An STV for precharging is latched with the CPV (a), and the STV is transferred to the next stage using another clock. Using the G(L1) as gate selection pulses for precharging, halftone raster dummy image data (Dummy) is written into the pixel TFTs. This image data is output from the source driver unit 23 in the two-horizontal scanning period. Because the display image data is written into the pixel TFTs, the STV is output again, after the DATADLY (L1) is transferred to the source driver unit 23. In the above-described scanning timing, the G(L1) as the gate selection voltage for image writing is output to the gate line G1 on the first line, while the G(L3) as the gate selection voltage for precharging is output to the gate line G3 on the third line. The G(L2) as the gate selection voltage for image writing is output to the gate line G2 on the second line, while the G(L4) as the gate selection voltage for precharging is output to the gate line G4 on the fourth line. Also in the scanning of the L3 image on and after the third line, vertical scanning is performed with a pair of gate selection voltages for precharging and image writing.

Embodiment 5

A liquid crystal display device according to a fifth embodiment is the same as the liquid crystal display device according to the embodiment 1. The difference therebetween is a register setting value of the operation setting register of the display control circuit 24E. That is, signals are output from the display control circuit 24E at different timings.
FIG. 5 is a timing diagram of triple-gate driving in one-line inversion driving in the fifth embodiment. FIG. 5 illustrates an example in which driving timings of FIG. 4 are applied. FIG. 5 illustrates driving timings, in which totally three selection pulses are output from the gate driver. Specifically, the three selection pulses include two gate selection pulses for precharging and one selection pulse for image writing. Because one more gate selection pulse for precharging is applied, four preliminary pulses (a, b, c, d) are necessary. Any other driving ideas are the same as those of FIG. 4.
An STV for precharging is latched with the CPV (a), and the STV is transferred to the next stage using another clock. Using the G(L1) as gate selection pulses for precharging, half tone raster dummy image data (Dummy) is written into the pixel TFTs. The image data is output from the source driver unit 23 in the two horizontal scanning periods. Because the display image data is written into the pixel TFTs, the STV is output again, after the DATADLY (L1) is transferred to the source driver 23. In the timing when the STV is HIGH at the second time, the G(L1) as the gate selection voltage for image writing is output to the gate line G1 on the first line, the G(L3) as the gate selection voltage for precharging is output to the gate line G1 on the third line, and the G(L5) as the gate selection voltage for precharging is output to the gate line G1 on the fifth line. The G(L2) as the gate selection voltage for image writing is output to the gate line G2 on the second line, the G(L4) as the gate selection voltage for precharging is output to the gate line G4 on the fourth line, and the G(L6) as the gate selection voltage for precharging is output to the gate line G6 on the sixth line. Also in the scanning of the L3 image on and after the third line, vertical scanning is performed with a set of gate selection voltages that include two for precharging and one for image writing.
Accordingly, the invention of the present inventor has been described specifically based on the preferred embodiments and examples. However, the present invention is not limited to the above-described embodiments and examples, and, needless to say, various changes may be made thereto.

Claims

What is claimed is:

1. A display device comprises:

a pixel array which has a plurality of pixels arranged in matrix;

a source driver which supplies the pixels with a gradation voltage in accordance with display data;

a gate driver which supplies the pixels with a gate signal for selecting the pixels to be supplied with the gradation voltage in unit of rows; and

a display control circuit which controls the source driver and the gate driver, and

wherein the gate driver outputs gate selection pulses for precharging the pixels on a first line in an effective display scanning period.

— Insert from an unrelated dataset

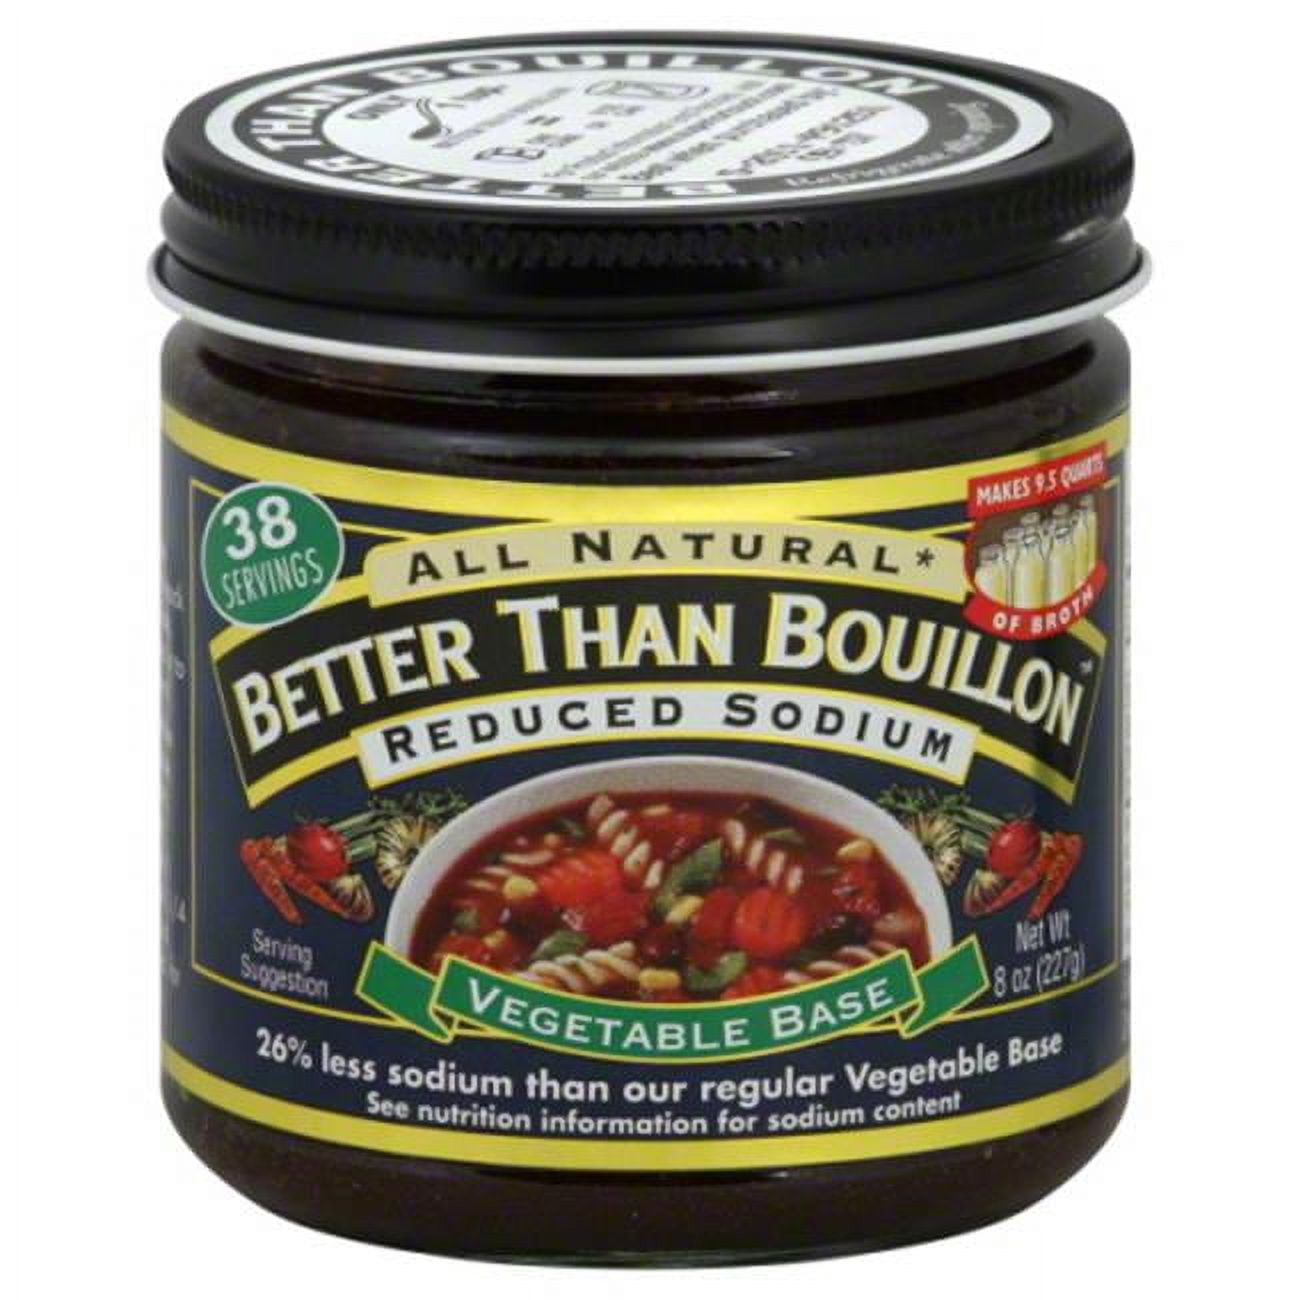 Better Than Bouillon Base Vegetable Reduced Sodium 8 oz Jar

2. The display device according to claim 1, wherein

the display control circuit outputs a plurality of clocks to the gate driver, to send the gate selection pulses for precharging in one horizontal scanning period.

3. The display device according to claim 1, wherein the display control circuit causes image data to be delayed and sends the image data to the source driver, to extend a period of the gate selection pulses for precharging to be output from the gate driver in an effective display period.

4. The display device according to claim 1, wherein the display control circuit outputs dummy image data other than black raster display data in a period for outputting the gate selection pulses for precharging.

5. The display device according to claim 1, wherein the display control circuit changes number of output pulses of the gate selection pulses for precharging, in accordance with an AC conversion period of the display device.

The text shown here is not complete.